Профессор Дювернуа мне очень нравился, как умный, крайне благовоспитанный и хороший, честный человек; бывал у нас частым гостем, не будучи завсегдатаем кружка. Нельзя не помянуть добрым словом еще троих профессоров: Головкинского, известного геолога, и двух очень ученых чудаков – слависта Григоровича и археолога. Эти двое были не от мира сего, особенно Григорович, считавший едва ли не самым главным делом своей жизни то, что ему удалось украсть в одном из афонских монастырей какую-то очень важную рукопись и обнародовать ее. В Одессе же он прославился тем, что сумел отрекомендовать на открывшуюся кафедру своего действительно достойного кандидата таким образом, что на нее попал не его кандидат, а другой, однофамилец последнего.
Кружок наш составлял партию в университете лишь в следующем отношении: мы не искали ни деканства, ни ректорства, не старались пристроить к университету своих родственников и не ходили ни с жалобами, ни с просьбами о покровительстве к попечителю, чем занимались довольно многие в университете. Увы! был в профессорской среде даже такой господин, который сделал донос местному цензору, надворному советнику, на своего товарища, редактора университетских записок, будто тот фальсифицирует протоколы заседаний. Я был в заседании совета, когда обвиненный в фальсификации профессор канонического права Павлов публично, громким голосом, в присутствии доносчика произнес: «На меня г… донес г. цензору, будто я фальсифицирую протоколы заседаний; поэтому прошу нарядить следствие…» Доносчик не пикнул. Он, кажется, пребывает и по сие время в почете.
Жили мы тихо – утро за делом в лаборатории, а вечером большей частью в нашем салоне, за дружеской беседой и нередко за картами.
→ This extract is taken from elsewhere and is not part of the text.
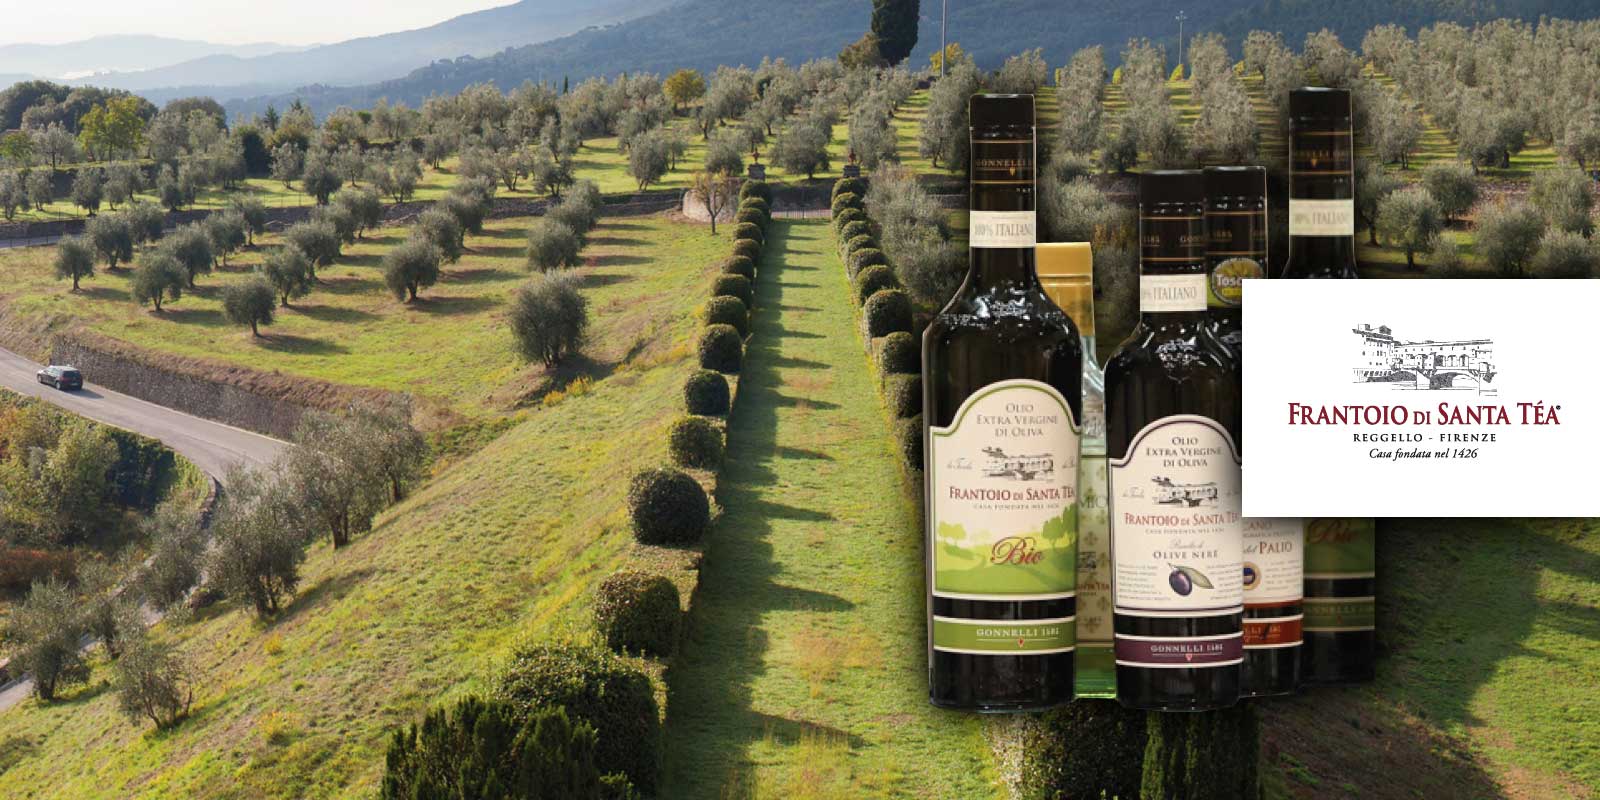 Gonneli Frantoio di Santa Tea 1585 oliivioljy Toscanasta Gonnelli 1585 on brandi, joka edustaa Gonnellin perheen suhdetta perinteisen oljyntuotannon maailmaan. Vuonna 1585 perhe osti Santa Tean maatilan ja sen vuonna 1426 rakennetun oljymyllyn. Nykyaan yritys, joka omistaa Chianti Classicon Vertinen myllyn, on yksi Italian huippuosaajista neitsytoliivioljyn maailmassa. Filosofia on aina ollut tarjota terveellista, aitoa ja luonnollista oliivioljya.
Gonnelli 1585, joka on saavuttanut useita virstanpylvaita alalla ja on jatkuvasti vahvistanut oliivioljyn tarkeytta elintarvikkeena, jolla on lukemattomia ravitsemuksellisia ja terveellisia ominaisuuksia, seka maun ja arvon kantaja jokaisessa ruoassa ja valmistuksessa. Nykyaan Gonnelli 1585 tarjoaa laajan ja monipuolisen tuotevalikoiman, jossa on monia erilaisia oljyja eri makuineen ja aromineen.

Грешный человек, карточную игру, но безденежную, ввел я и, как любитель оной, яростно нападал на нашу милую хозяйку, когда она делала ошибки[56]. Помимо этих вспышек, вел я себя смирно: не совратил с пути за два года ни единого студента, не вызвал ни единого бунта, не строил баррикад и привел всем этим взявшего меня на поруки попечителя в такой восторг, что в 1873 г. он сделал меня действительным статским советником и даже самолично приехал ко мне на квартиру поздравить с этой радостью.
Ознакомительная версия.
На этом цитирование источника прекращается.